One of Bay Alarm Medical’s real strengths is that they understand the basic necessities of any good alert system, but they also understand how important dignity and independence are to those who use their equipment. From help buttons hidden in jewelry to sporty smartwatches that look right at home on the pickleball court, Bay Alarm Medical nails both form and function. This is one of the main reasons why we consistently rank them highly among the top medical alert brands.

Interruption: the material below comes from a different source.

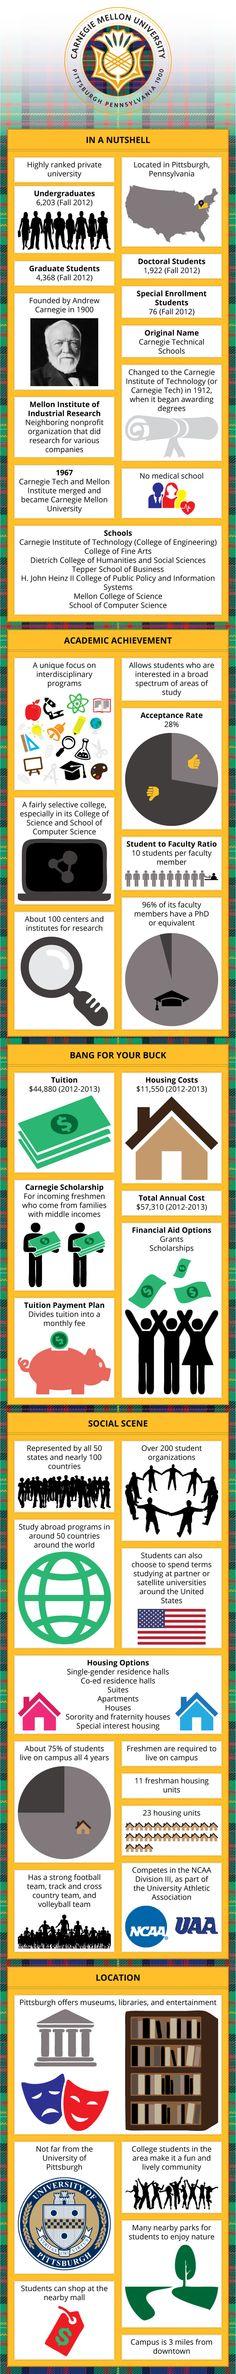 Carnegie Mellon University CMU Infographic I'm thinking for graduate school? World University, University Logo, Career Counseling, Education College, Us Universities, Colleges, Engineering Programs, Continuing Education, Higher Education

They offer three mobile products for seniors on the go. First up is SOS Mobile, which is lightweight but offers multiple functions. Standout features include advanced location detection, optional fall detection, and the availability of two cellular networks to choose from.
The SOS Smartwatch is Bay Alarm Medical’s second on-the-go device, and it also emphasizes style, featuring a circular face with your choice of an analog or digital display and a black band.
Finally, there’s the SOS All-in-One. As the name implies, this system can be used both at home and when seniors are out-and-about. It includes two devices: a wearable button and a device that’s similar to the SOS Mobile device–oval in shape and small enough to fit in the palm of your hand. Both provide GPS location for caregivers and station monitors. You can add fall detection to this system as well.
FYI: With one in five Americans wearing a smartwatch or other wearable fitness tracker,1 Bay Alarm has successfully picked up on consumer preferences. Other product offerings such as Bella Charms, hand-crafted, ornamental holders for the help button pendant, follow suit.
We will focus on Bay Alarm Medical’s SOS Smartwatch 360° Bundle medical alert system for this review. It is a package that bundles both at-home and on-the-go systems.
Unboxing Bay Alarm Medical
Like many of our medical alert system reviews, we started our Bay Alarm review with an unboxing. There were two boxes, one for the smartwatch and the other for the in-home system.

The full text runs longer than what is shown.